● Supplied material:

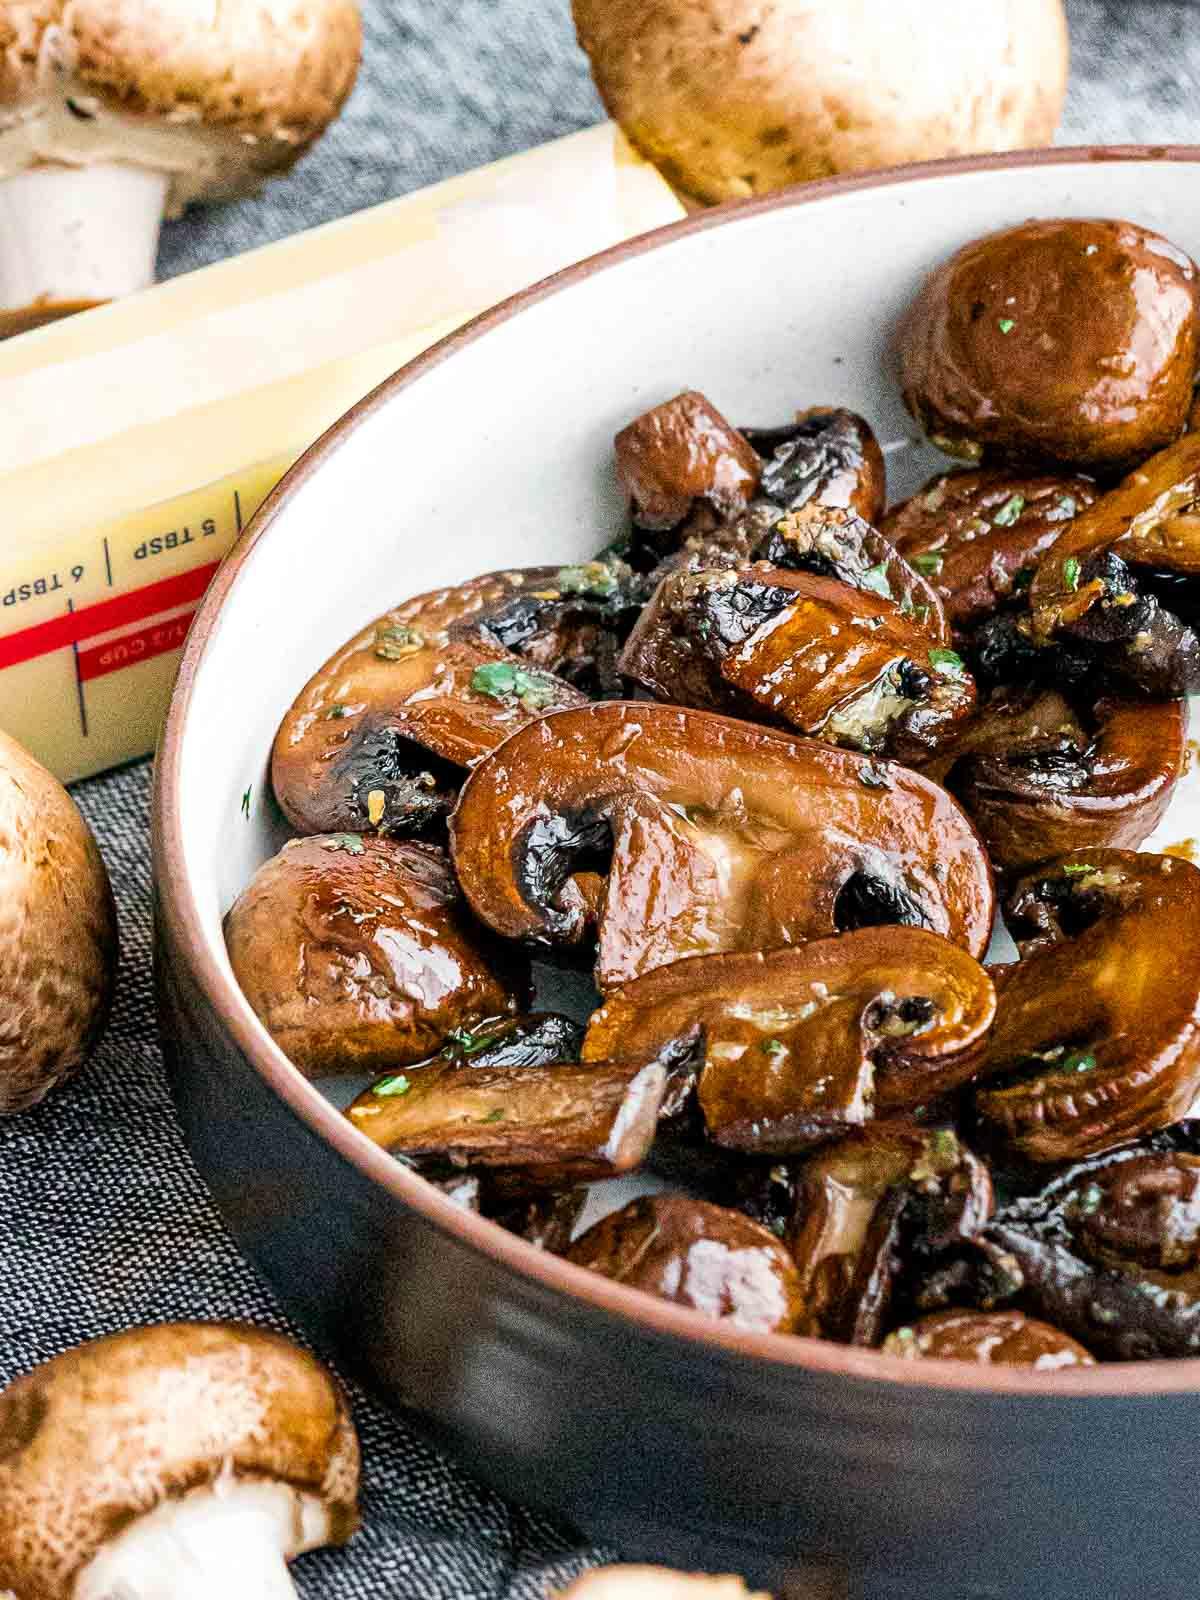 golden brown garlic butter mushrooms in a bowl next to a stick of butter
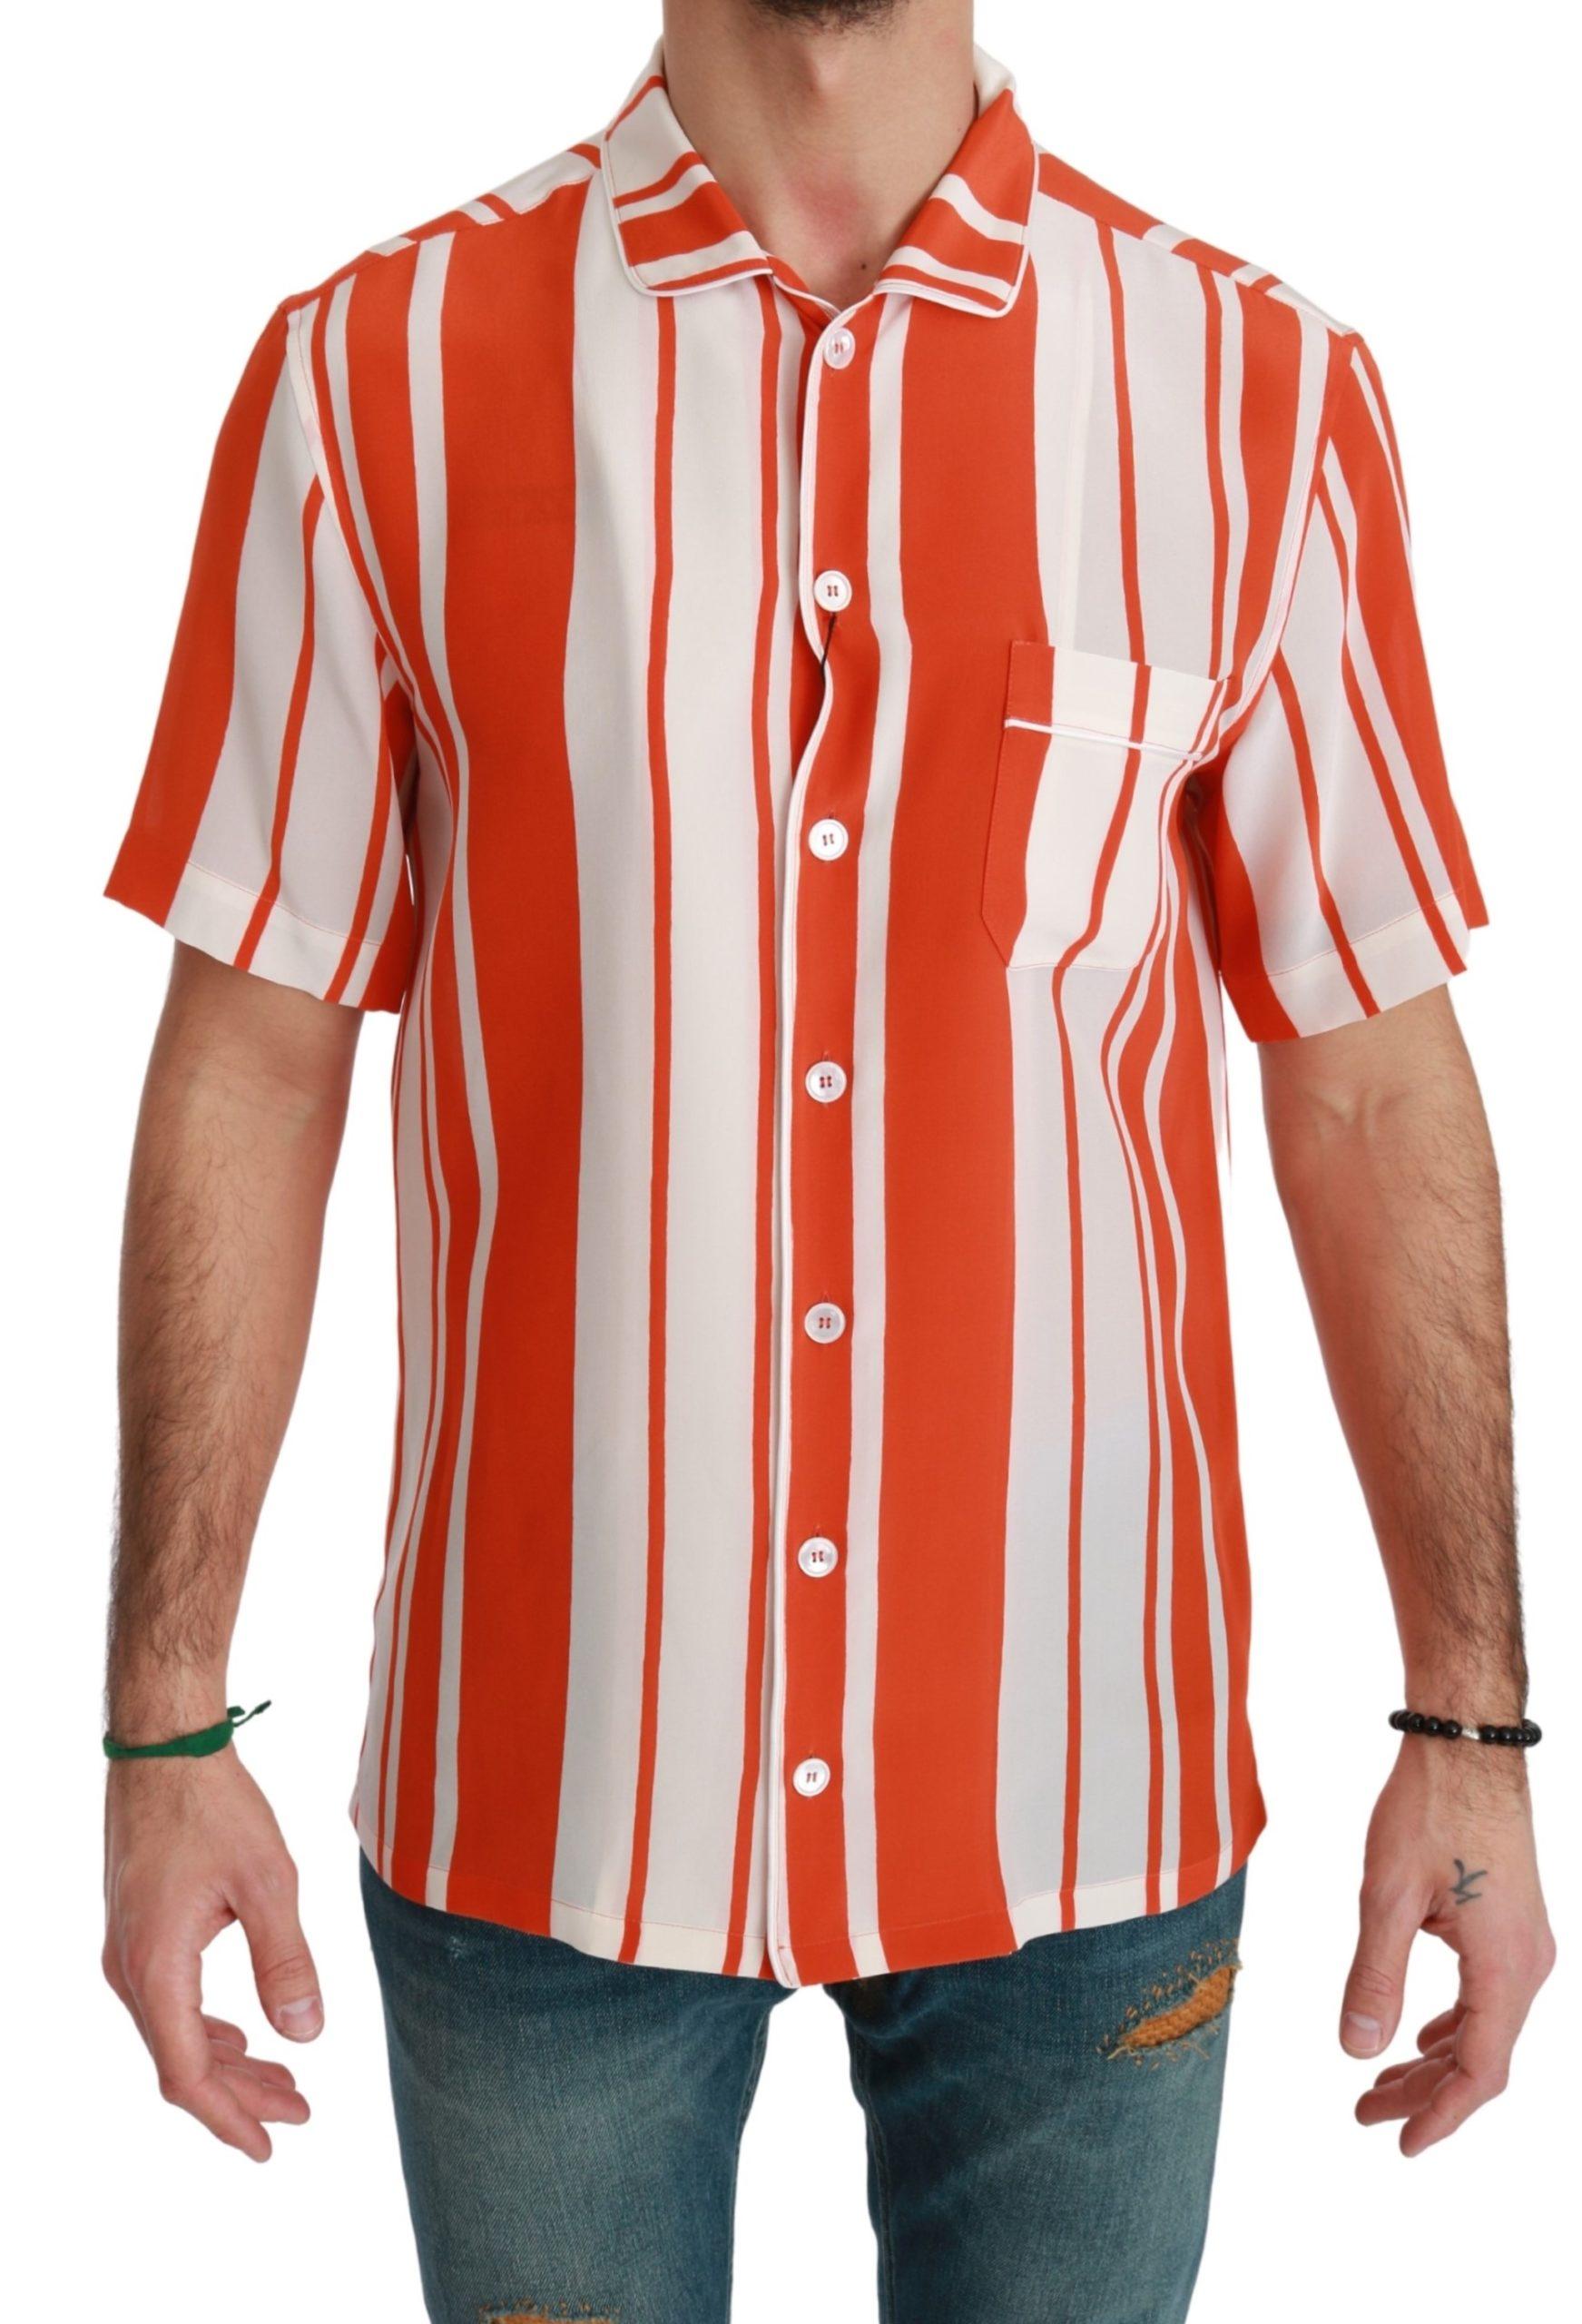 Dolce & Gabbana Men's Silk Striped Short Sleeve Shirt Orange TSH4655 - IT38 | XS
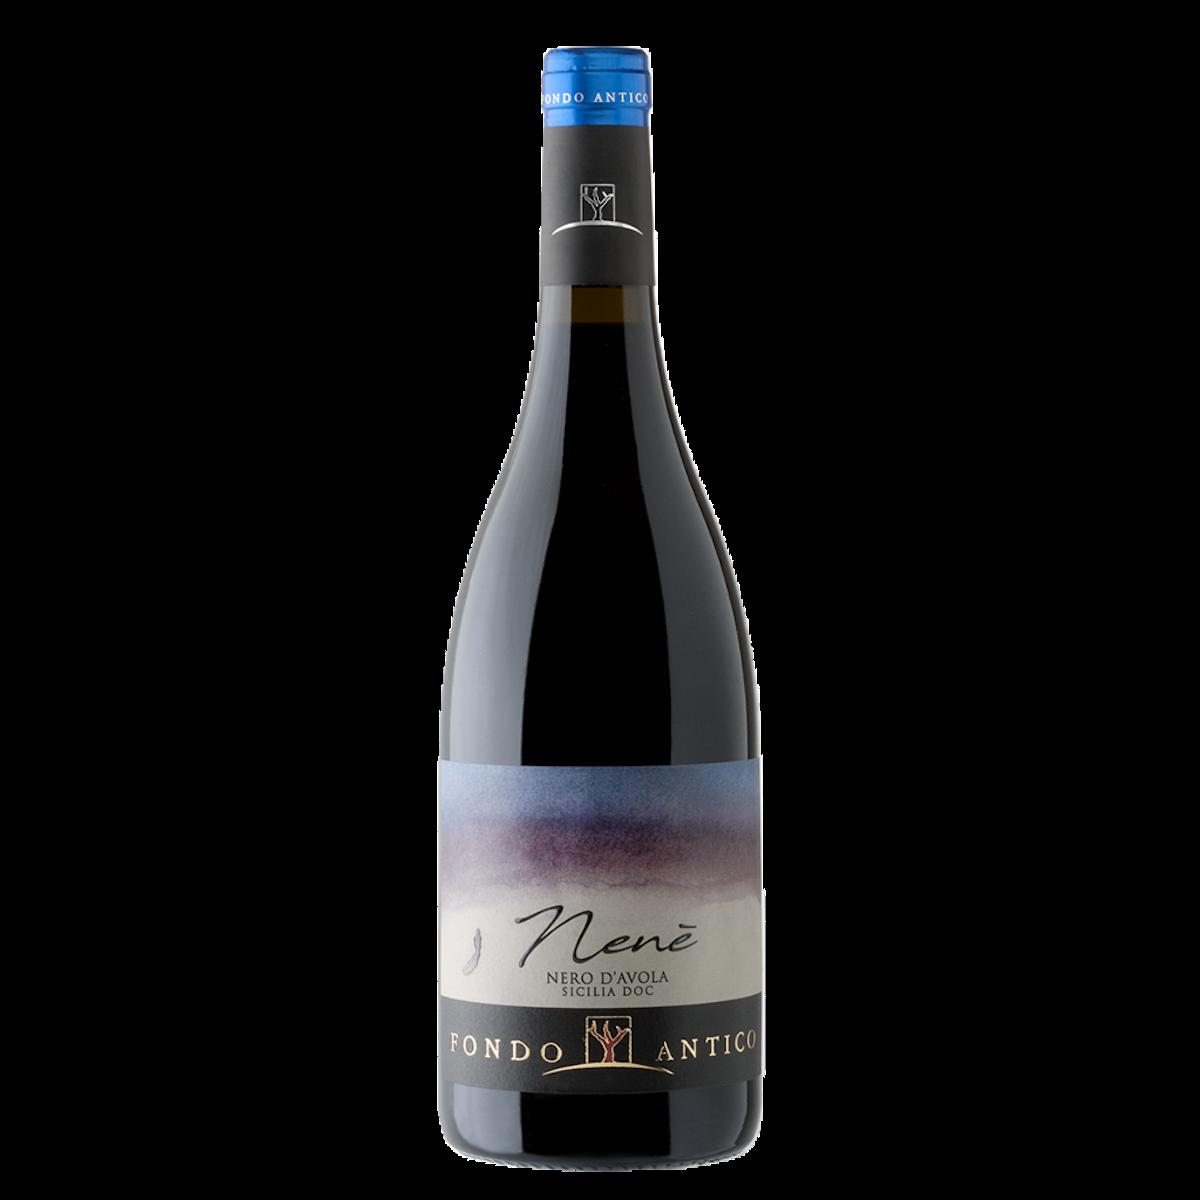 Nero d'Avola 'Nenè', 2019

● Task prompt:
Line by line, restate the data above exactly as it stands, minus the pictures.

● Solution to this exercise:
 golden brown garlic butter mushrooms in a bowl next to a stick of butter
 Dolce & Gabbana Men's Silk Striped Short Sleeve Shirt Orange TSH4655 - IT38 | XS
 Nero d'Avola 'Nenè', 2019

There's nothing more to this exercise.